Intanto però l’attenzione è altrove. Ieri pomeriggio l’assessore all’Ambiente del Comune capitolino Katia Ziantoni ha scritto sui social: “Hanno paura che Virginia Raggi vinca di nuovo. E per questo stanno volutamente lasciando i rifiuti in strada, tenendo in ostaggio Roma e i suoi cittadini”. Una versione complottista in piena regola.

Virginia Raggi vuole riaprire la discarica di Albano Laziale. La Regione però ha scelto la strada dell’ordinanza per prorogare di dieci giorni il conferimento a Viterbo. E Massimiliano Valeriani, assessore regionale al ciclo dei rifiuti, ha affermato: “Ennesimo segnale della drammatica confusione e approssimazione che regna in Campidoglio. In questi anni la  Regione Lazio ha aiutato Roma in tutti i modi, ma soprattutto in questi mesi ha tentato di evitare l’emergenza rifiuti nella Capitale e si è fatta carico, con le altre province laziali, di accogliere e gestire i rifiuti romani. Questo perché l’Amministrazione comunale in questi 5 anni non ha compiuto alcuna scelta che servisse a risolvere davvero la questione rifiuti, rifiutandosi di adempiere alle proprie competenze stabilite per legge”. (Leggi qui Rifiuti, per l’emergenza si va ad Albano).

L’atto d’accusa non lascia margini. “Il risultato è una città piena di rifiuti e una tassa, che pesa sulle tasche dei romani, tra le più alte in Italia a causa della necessità di conferire i rifiuti altrove, visto che Roma, la capitale d’Italia, non è autosufficiente. Senza contare la raccolta differenziata ferma da anni al 45%. Anche questa volta la Regione Lazio si assumerà le sue responsabilità accogliendo la richiesta unanime dei partecipanti alla riunione istituzionale di prorogare l’ordinanza che prevede il conferimento dei rifiuti romani nella discarica di Viterbo. Ora la Raggi dimostri di essere sindaco e individui i siti sul territorio comunale dove realizzare gli impianti necessari alla chiusura del ciclo dei rifiuti”. 

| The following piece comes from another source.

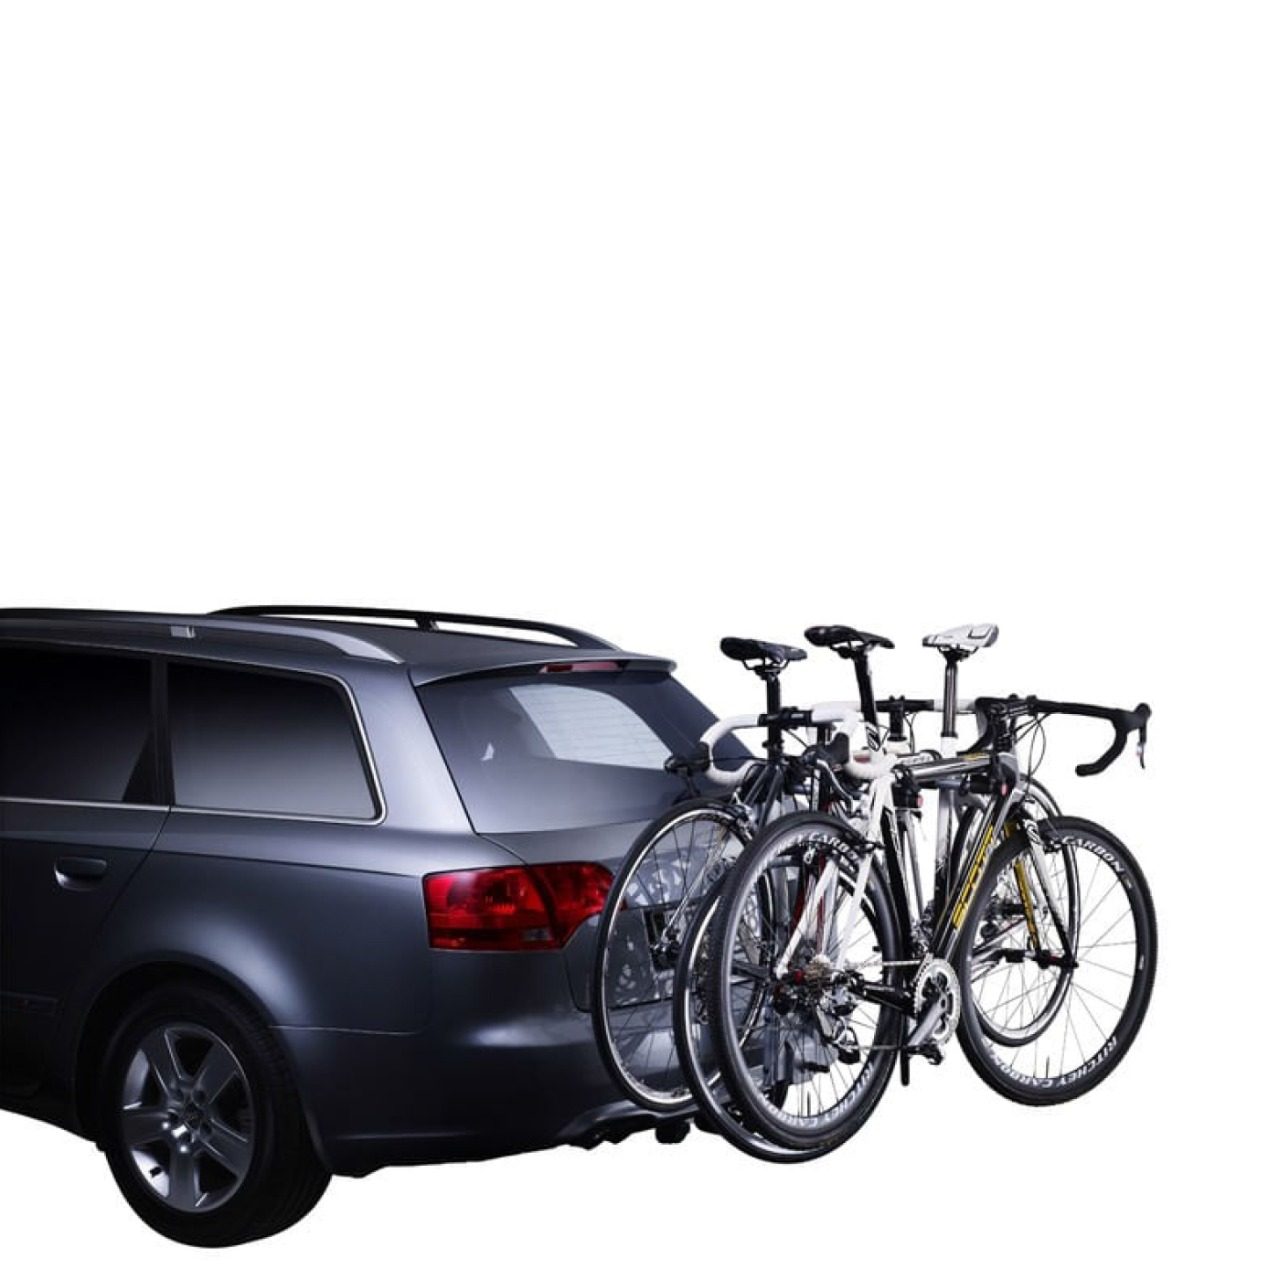 Transbike Suporte de engate para 3 Bicicletas Thule HangOn 974

In effetti in cinque anni la questione dell’individuazione di una discarica non è stata risolta. Neppure affrontata.

Pensavano di usare Roccasecca

Gli impianti Mad

C’è un dettaglio chiave che emerge sempre di più in tutta la sua chiarezza: tutto è nato dall’esaurimento del quarto bacino della discarica di Roccasecca. Con quattro anni di anticipo rispetto alla scadenza prevista (2026) proprio perché in questi anni Frosinone ha contribuito a ricevere i rifiuti di Roma. Tutto è collassato quando il gestore (la Mad) ha detto basta e non ha portato avanti il progetto che la autorizzava a realizzare un 5° invaso nel quale interrare i rifiuti a Roccasecca ancora per anni.

La Ciociaria aveva un sistema da fiore all’occhiello. Aveva la discarica (quella di Roccasecca, della Mad), ha la Saf, società pubblica composta dai Comuni che tratta i rifiuti nel sito di Colfelice. Ha il termovalorizzatore (San Vittore). I tre elementi consentono di essere autonomi nella gestione dei rifiuti: il sacchetto dell’immondizia viene raccolto, fatto decantare nelle stazioni di trasferenza, portato a Colfelice quando ormai è inerte e viene lavorato per recuperare il possibile e trasformare il resto in combustibile per termovaloizzatore; brucia a San Vittore producendo energia elettrica.

Il presidente sordo alla piazza

FRANCESCO SCALIA. (FOTO: SARA MINELLI / IMAGOECONOMICA)

E quando tanti anni fa Francesco Scalia, allora presidente della Provincia, ebbe l’intuizione della Saf e chiuse le centinaia di discariche sparse sul territorio, in pochissimi capirono che la provincia di Frosinone non avrebbe conosciuto per anni l’emergenza rifiuti. C’erano le manifestazioni in piazza: davanti al palazzo della Provincia venne impiccato un manichino che rappresentava il presidente Scalia.

In questi anni di tranquillità, nei quali Roma e Napoli invece hanno vissuto il caos, nessuno si è reso conto che anche noi saremmo finiti con l’immondizia in strada se non ci fosse stato il coraggio di Scalia e la sua capacità di rimanere sordo di fronte alle urla della piazza.

Adesso è saltato tutto per vari motivi. E addirittura si parla di requisire alcuni terreni della discarica di Roccasecca per ultimare il quinto invaso. A servizio però dei rifiuti di Roma. Non di quelli della provincia di Frosinone. Non è solo un paradosso. È un’assurdità. Il fatto è uno solo: il Comune di Roma in cinque anni non ha neppure affrontato il tema di una discarica propria.